There are many ways to get your dbt models from your laptop to production. It's like choosing how to deliver a pizza β€” you can hand-deliver it, use a delivery app, hire a courier, or set up a drone. Each has trade-offs in cost, complexity, and reliability.

Option Complexity Cost Best For
dbt Cloud ⭐ Low $$$ (paid) Teams wanting a managed, no-ops solution
GitHub Actions ⭐⭐ Medium Free (open source) Teams already on GitHub who want flexibility
Airflow + dbt ⭐⭐⭐ High Free (open source) Complex pipelines where dbt is one step of many
Kubernetes CronJobs ⭐⭐⭐ High $$ (infra costs) Container-based teams with existing K8s clusters
πŸ’»
Write
Code
Local
β†’
πŸ”€
Push to
Git
PR
β†’
πŸ§ͺ
CI Tests
Run
Auto
β†’
βœ…
Merge
to Main
Approved
β†’
πŸš€
Deploy
to Prod
Auto

If you're just starting out, dbt Cloud is the easiest path. If you want full control and don't mind YAML files, GitHub Actions is the most popular free option. If dbt is part of a larger data pipeline (extract β†’ load β†’ transform β†’ serve), Airflow is the industry standard orchestrator.

☁️ dbt Cloud Deployment

dbt Cloud is like a fully automated kitchen. You set the timer, pick the recipes, and it cooks, tests, and serves the food on schedule. You don't need to stand there stirring the pot β€” it does everything for you. You just check the results in the morning with your coffee.

Setting Up Environments

In dbt Cloud, you create separate environments for each stage of your pipeline:

πŸ§ͺ Development

Your personal IDE workspace. Run models interactively, test queries, iterate fast.

Schema: dev_<your_name>

πŸ”¬ Staging

A mirror of production for final testing. CI jobs run here to validate PRs before merging.

Schema: staging_analytics

🏭 Production

The real deal. Scheduled jobs run here on a cron schedule. Dashboards read from this.

Schema: prod_analytics

Creating a Production Job

A dbt Cloud job is a scheduled set of commands. Here's what a typical production job looks like:

Typical Production Job β€” Commands
# Step 1: Load reference data (country codes, status mappings, etc.)
$ dbt seed

# Step 2: Build all models (staging β†’ intermediate β†’ marts)
$ dbt run

# Step 3: Run ALL tests (schema tests, custom tests, freshness)
$ dbt test

# Or combine steps 2 & 3 with "build" (runs + tests in DAG order)
$ dbt build

Job Configuration Checklist

Schedule: Cron expression (e.g., 0 6 * * * = every day at 6 AM)

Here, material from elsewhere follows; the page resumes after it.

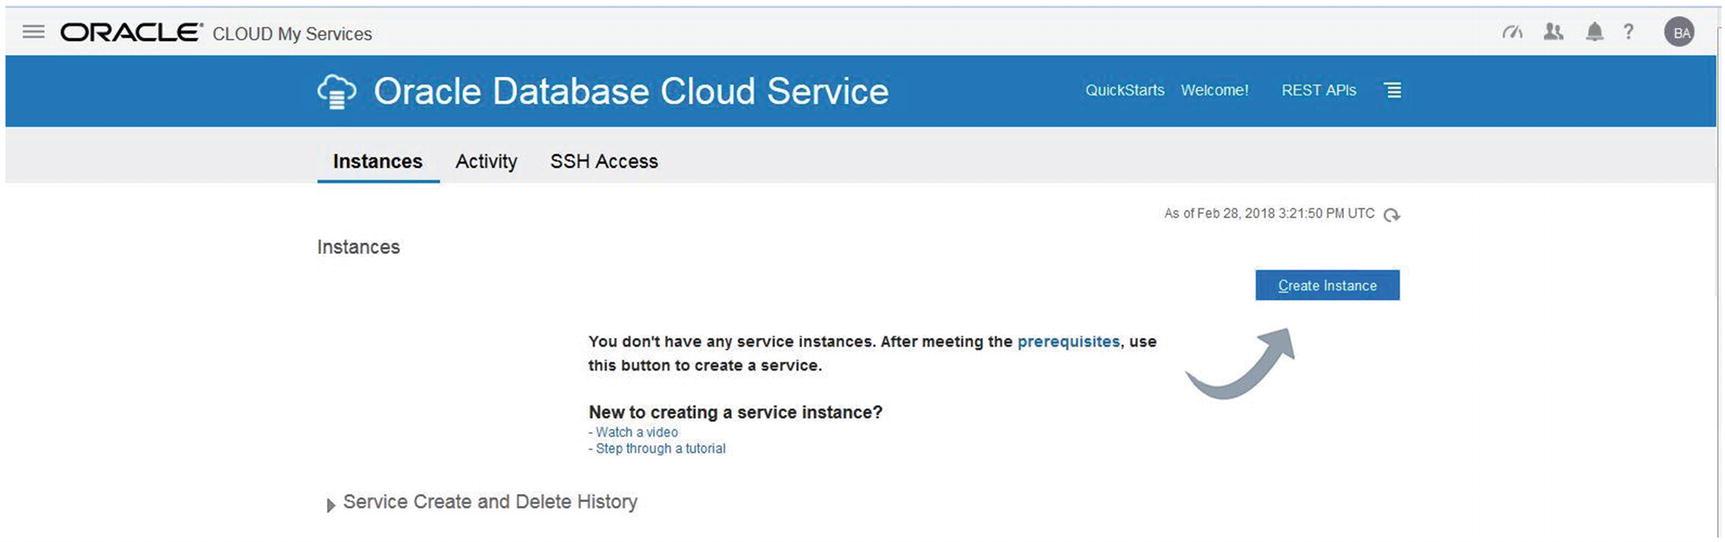 Oracle Cloud Overview | SpringerLink

Commands: dbt seed, dbt run, dbt test (or just dbt build)

Notifications: Email or Slack alerts on failure

Timeout: Kill the job if it runs longer than expected (e.g., 60 minutes)

Retries: Automatically retry on transient failures (e.g., warehouse timeout)

A typical morning at a data team using dbt Cloud: At 6 AM, the production job runs automatically. By 7 AM, all models are built and tested. If anything fails, the on-call engineer gets a Slack notification. By 8 AM when the business team opens their dashboards, the data is fresh, tested, and ready. Nobody had to wake up early or press any buttons!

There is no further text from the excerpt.